A complementary approach to benchmarking is to evaluate the adherence to evidence-based practices that are associated with improved outcomes [1, 10]. The rates of adherence to “standards of care” (e.g., low tidal volume ventilation in acute respiratory distress syndrome, prophylaxis against thromboembolism, early recognition and treatment of sepsis) may be ascertained and compared among ICUs. Although it may be argued that the correct benchmark for such measures is 100% adherence, knowledge of the compliance of other units with similar structural characteristics and case-mix may be an incentive to quality improvement, especially if the feasibility of achieving high standards of care in the real world is demonstrated [11, 12].

Comparison of complications

In a perfect world, it would be recommended—and useful—to compare unit-specific rates of hospital-acquired infections (e.g., ventilator associated pneumonia, catheter-related blood stream infections), the occurrence of ICU-acquired multi-resistant organisms or “problem” pathogens (e.g., Clostridium difficile, methicillin-resistant Staphylococcus aureus), and adverse events (e.g., unanticipated extubation). However, methodologic differences in data acquisition, inter-rater variability, and financial and legal disincentives to report may lead to unreliable incidence and prevalence rates, thus precluding accurate comparisons. Benchmarking these issues is only feasible and accurate in the context of very well-structured and standardized ICU networks, and even in such settings it may remain a complex task. To overcome these limitations ICUs should use the same definitions, potentially through the use of a data-dictionary with specific training and audit.

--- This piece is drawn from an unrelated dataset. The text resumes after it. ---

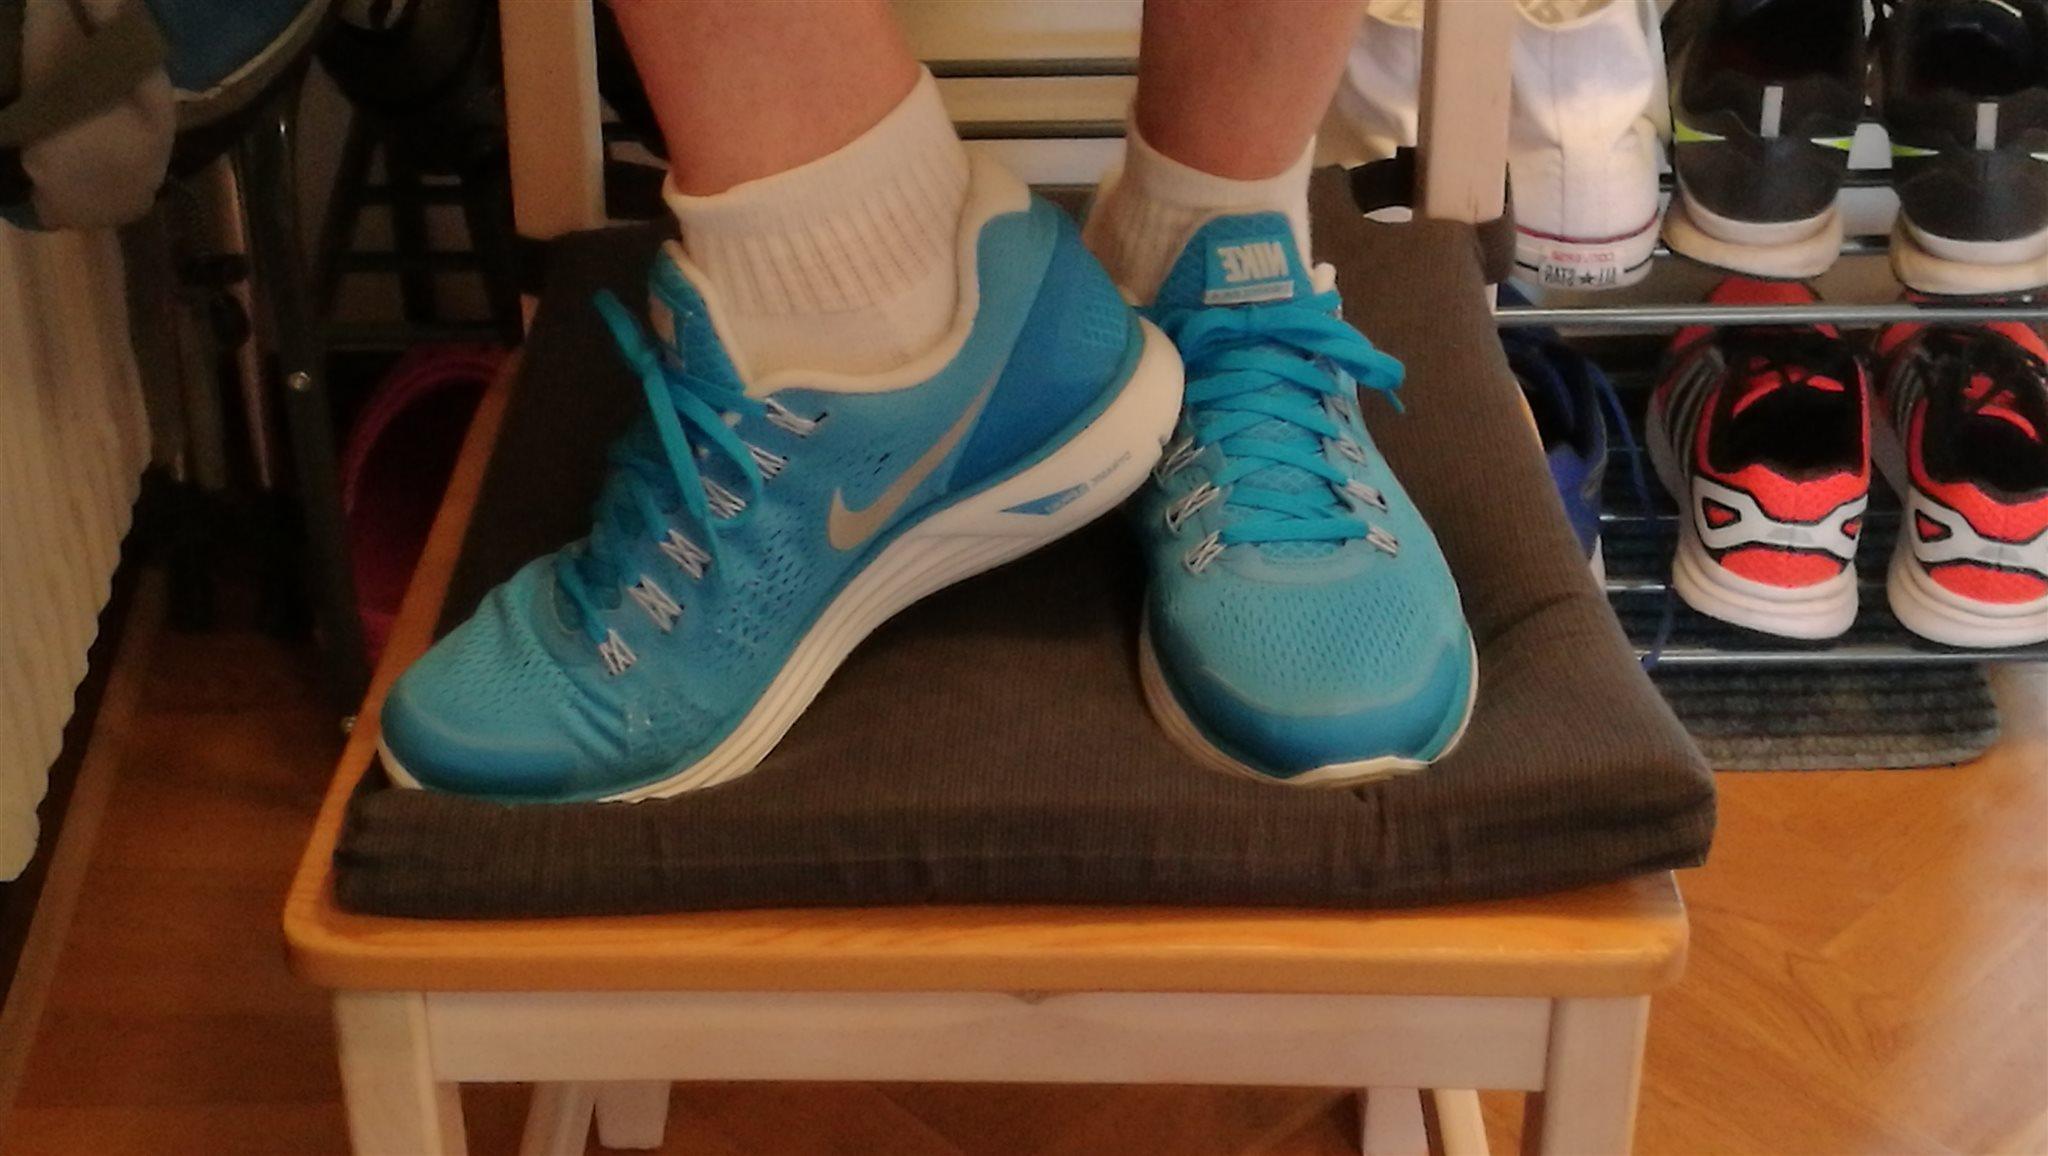 reputable site 5eb8f 0a5e4 Nike Lunarglide 4 training skor i stl 42.5 - (43  se mått) SUPERSKICK

The future of ICU performance evaluation and benchmarking

The era of “the healthcare data revolution” with its advances in computerization and technologic infrastructure offers the potential for expansion of benchmarking [13]. With the advent of “big data” and “machine learning” updated prognostic models will inevitably become available, likely including a broader range of variables than currently employed [14,15,16]. If such models are developed on a multinational level, are easy to implement, and use an approach that allows course correction, they may finally make ICU-prediction models useful for individual patients. Widespread implementation of electronic medical records and the availability of real-time information provided by cloud-based structures will provide additional opportunities for comparison within and between institutions. Decreases in the burden of data abstraction and the development of crowdsourcing will lead to the availability of increasing amounts of standardized, usable patient data. Ultimately, expansion of the domains of benchmarking is likely to occur, allowing evaluation of processes of care and multi-dimensional patient-centered outcomes in addition to the traditional mortality and length of stay comparisons [17].

Conclusions

Benchmarking of ICU performance is here to stay—and its use and complexity will likely expand as the healthcare data revolution proceeds. Although imperfect, severity-adjusted mortality rates and SMRs will continue to be used and refined. Evaluation of processes of care and compliance with commonly accepted practices offer an alternative approach to benchmarking, providing actionable data. It is hoped that widespread implementation of searchable electronic medical records and expansion of databases populated by automated data abstraction will lead to reliable intra- and inter-institutional comparisons, ultimately resulting in improved patient care.